Kapten tim Lautaro Martinez dengan sang pelatih Cristian Chivu bersama-sama mereka mengangkat trofi Scudetto ke-21 Inter. Sebuah pencapaian tim yang menutup musim tak terlupakan.
Presiden dan CEO Inter Giuseppe Marotta menyatakan bahwa memenangkan Scudetto selalu merupakan pencapaian luar biasa. Ia mengaku gembira untuk semua orang di Inter.
“Inter pantas mendapatkan pencapaian luar biasa ini, akan ada beberapa perubahan namun perubahan tersebut akan membuat kita maju daripada melakukan revolusi,” ujar Marotta dilansir laman Inter, Senin, 18 Mei 2026.
“Ada pemain yang karena usia harus dievaluasi. Ini merupakan bagian alami dari sepak bola ketika sebuah siklus berakhir,” ucapnya.

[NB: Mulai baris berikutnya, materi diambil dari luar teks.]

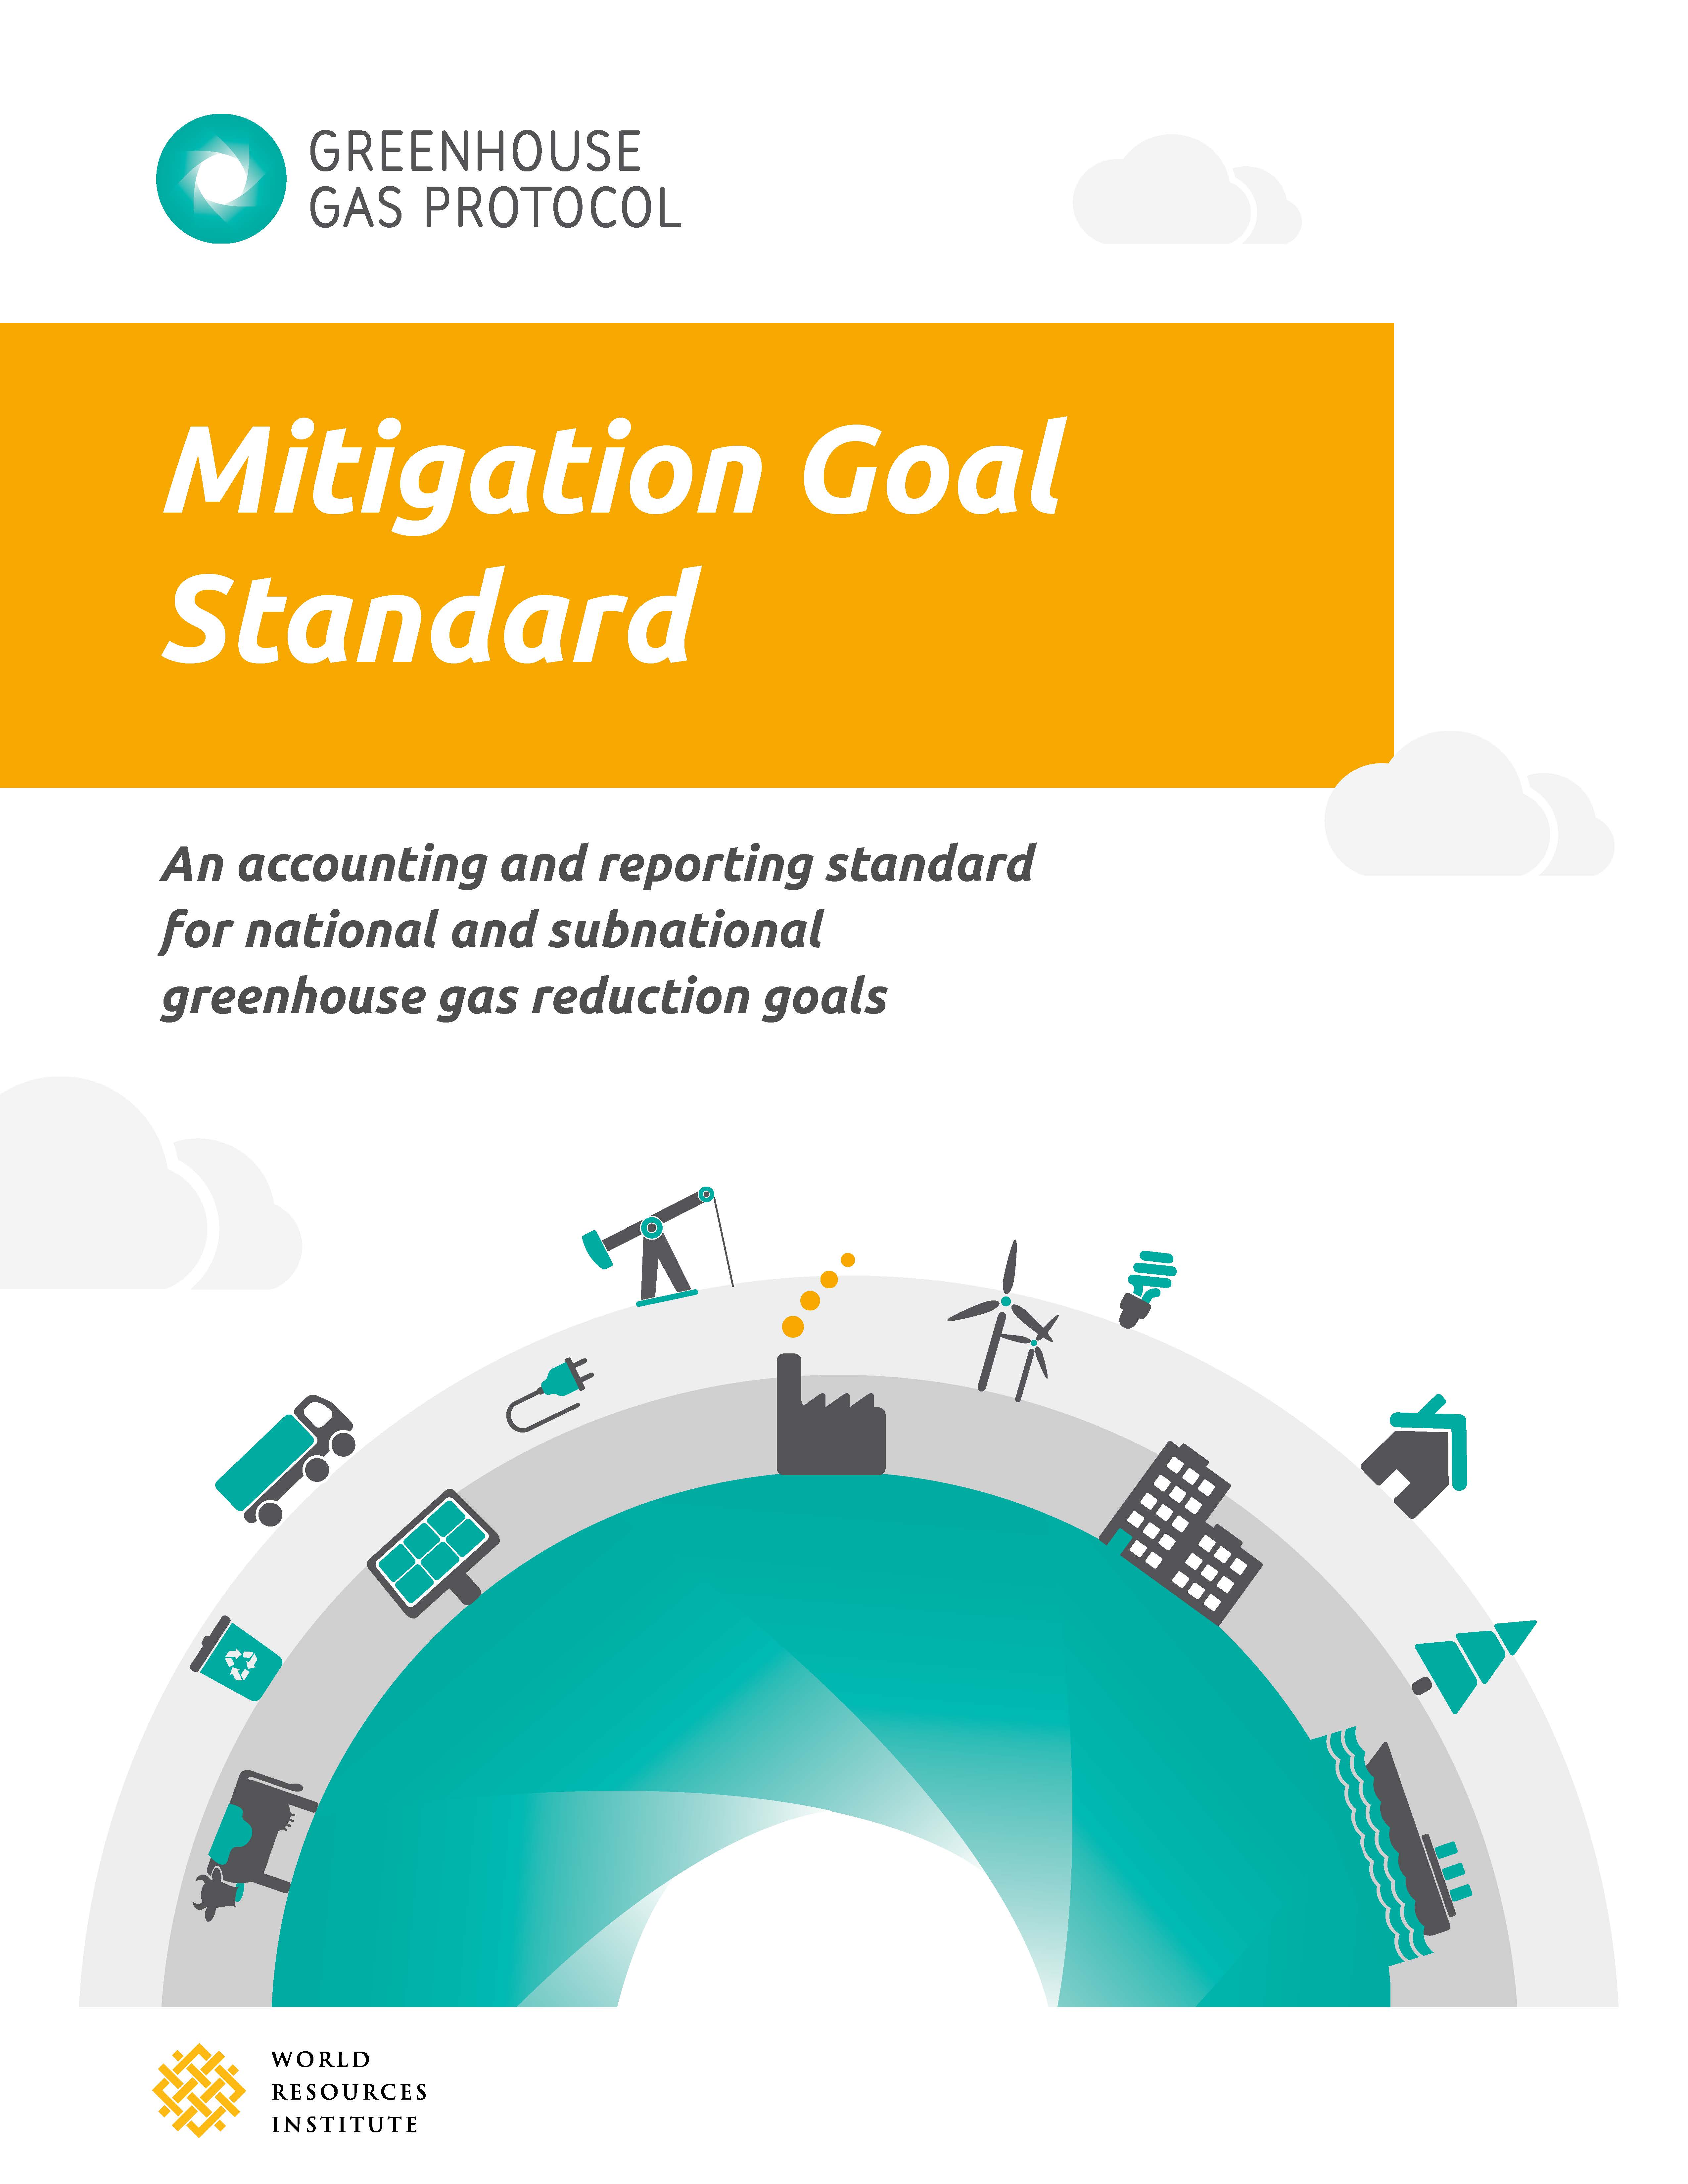 Mitigation Goal Standard: An Accounting and Reporting Standard for National and Subnational Greenhouse Gas Reduction Goals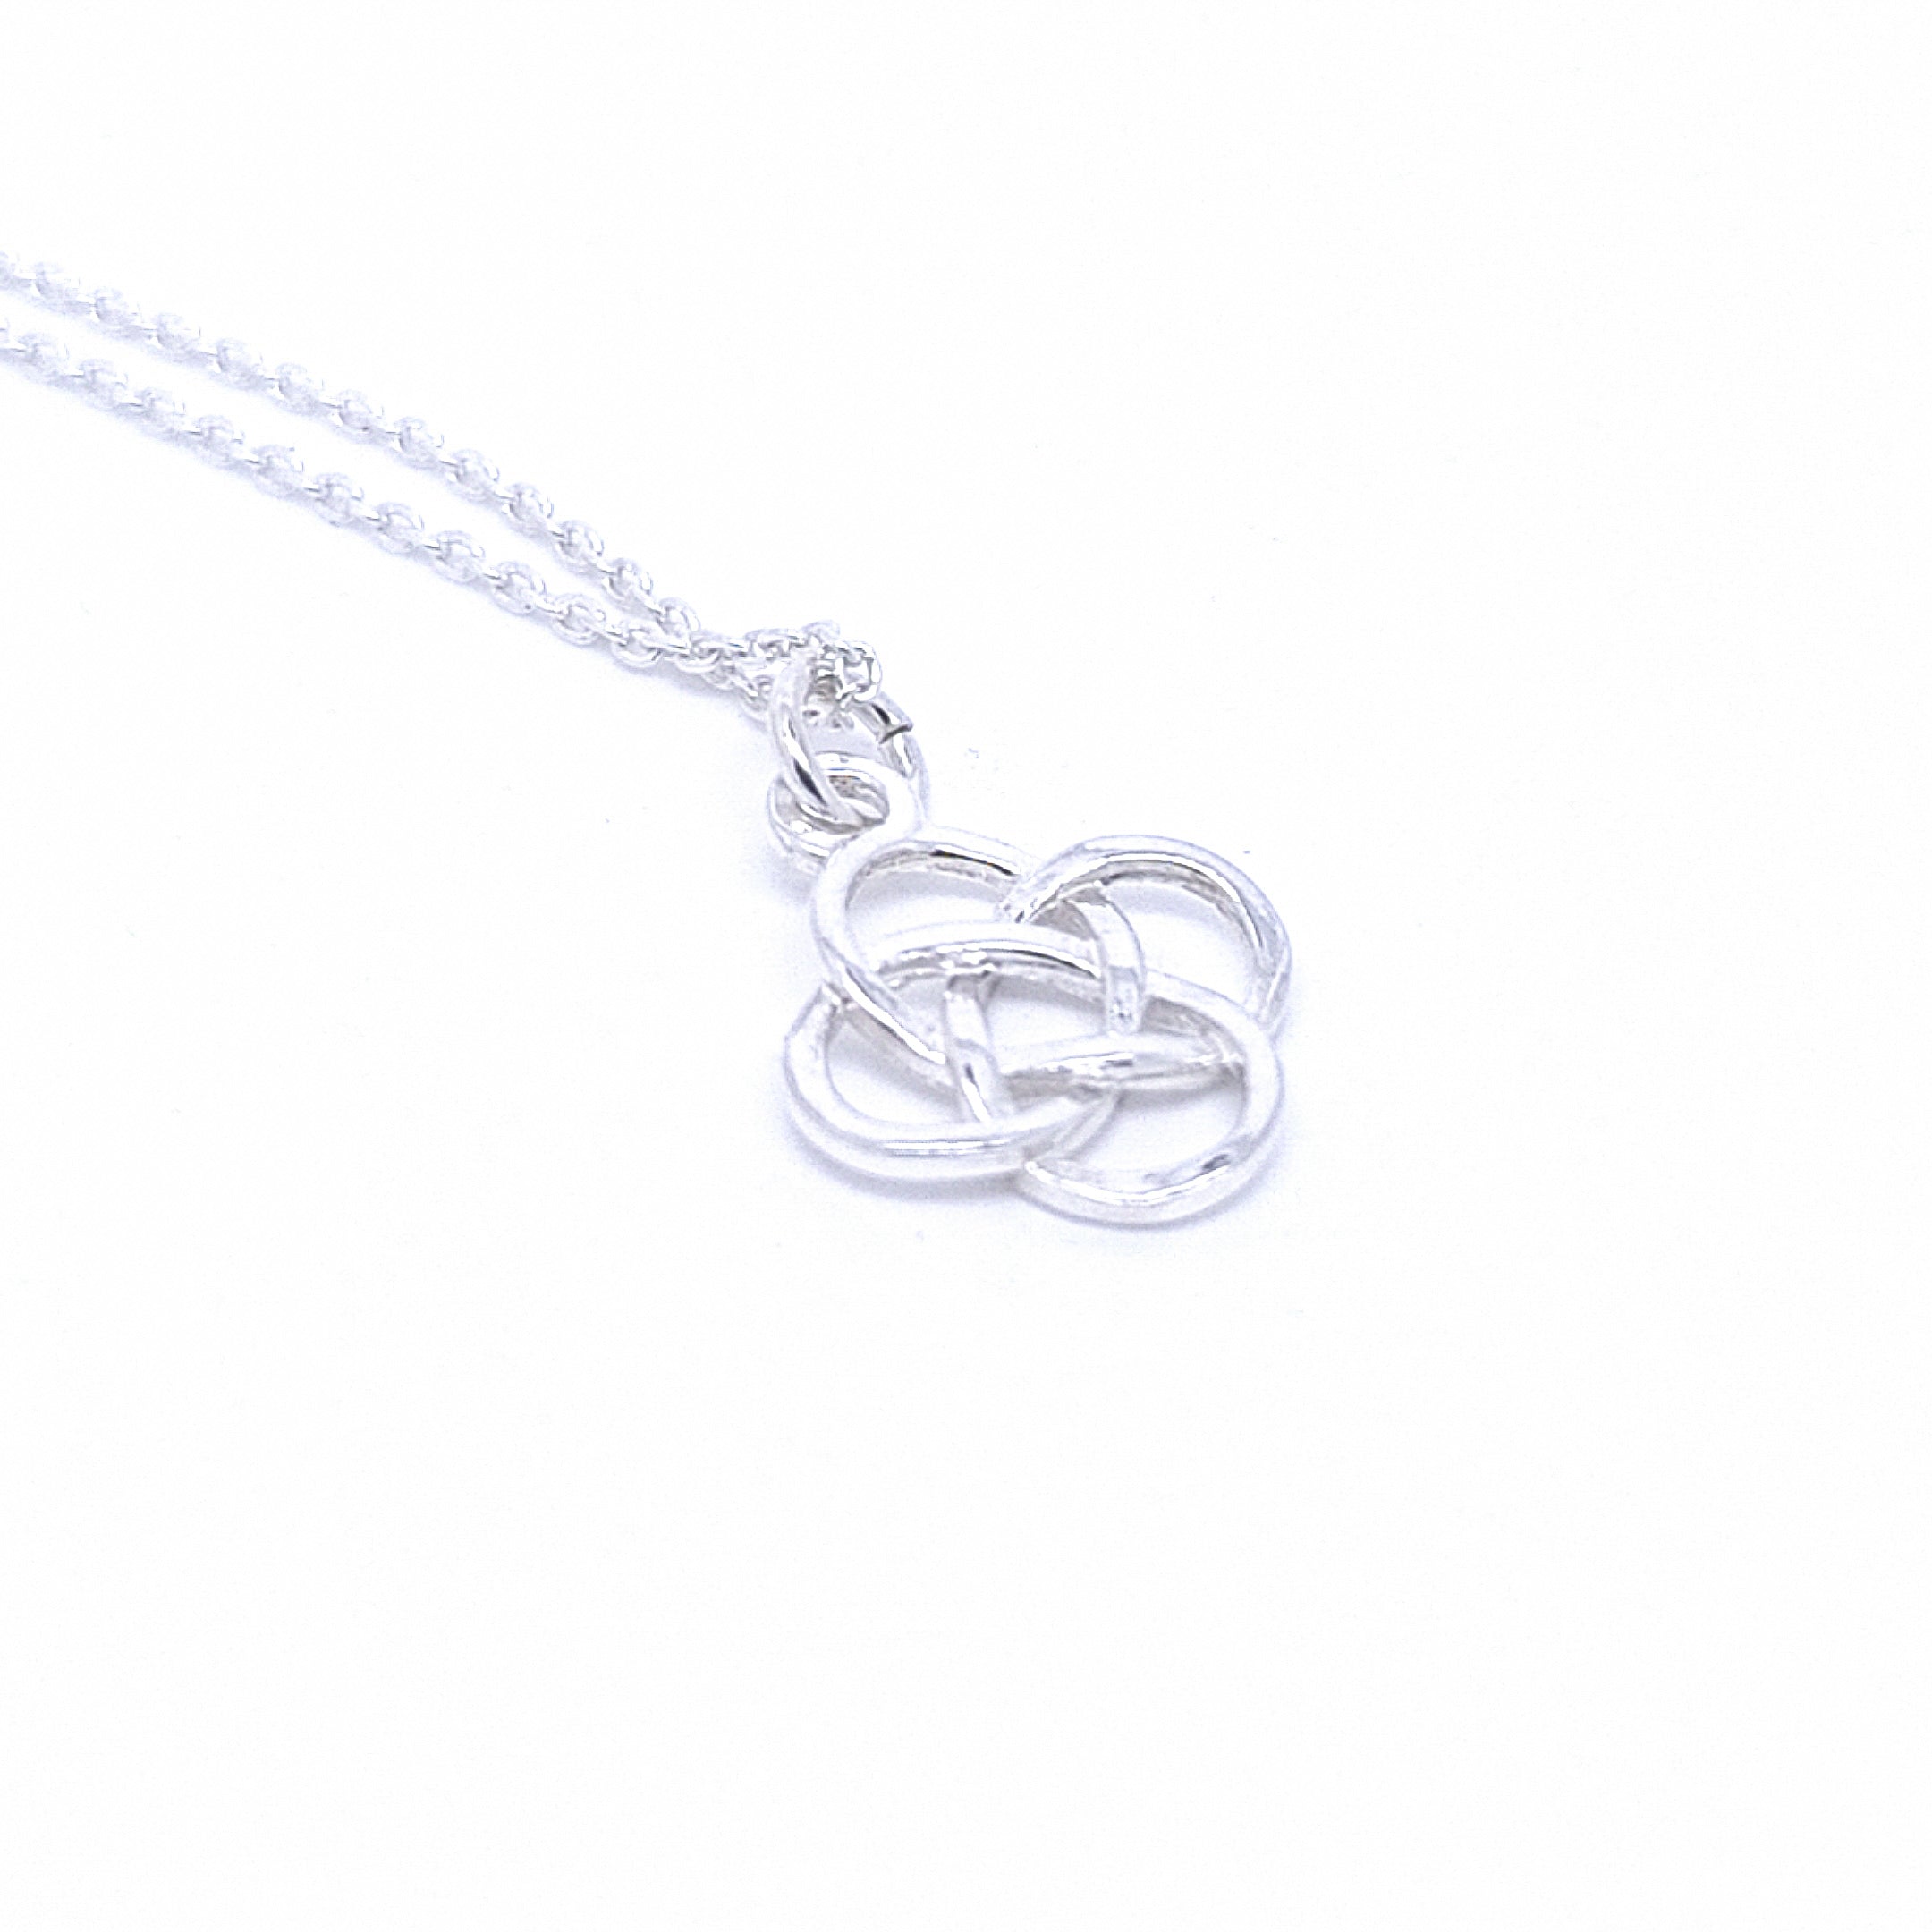 Intricate Love Knot Silver Pendant on a 45cm Sterling Silver Chain by Magpie Gems.

Tujuan Inter adalah membangun skuad yang menggabungkan pemain muda dan pengalaman, dengan fondasi yang sangat kuat. Marotta menyoroti bahwa empat pemain dari akademi berada di lapangan hari ini, dan itulah jalan yang ingin terus ditempuh Inter.
Perayaan Scudetto menjadi penutup musim, selain sebelumnnya Inter juga meraih Coppa Italia, mengukuhkan dominasi di kompetisi domestik. Para penggemar di Meazza, Milano, dan di seluruh dunia larut dalam kegembiraan menyaksikan tim kesayangan mereka mengangkat trofi.
San Siro menjadi saksi bisu kebahagiaan para pemain, staf, dan suporter yang memadati stadion. Lautaro Martinez sebagai kapten memimpin prosesi pengangkatan trofi, disambut sorak sorai puluhan ribu pendukung.
Trofi ke-21 ini menambah koleksi sejarah Inter, mengukuhkan posisi mereka sebagai salah satu raksasa sepak bola Italia.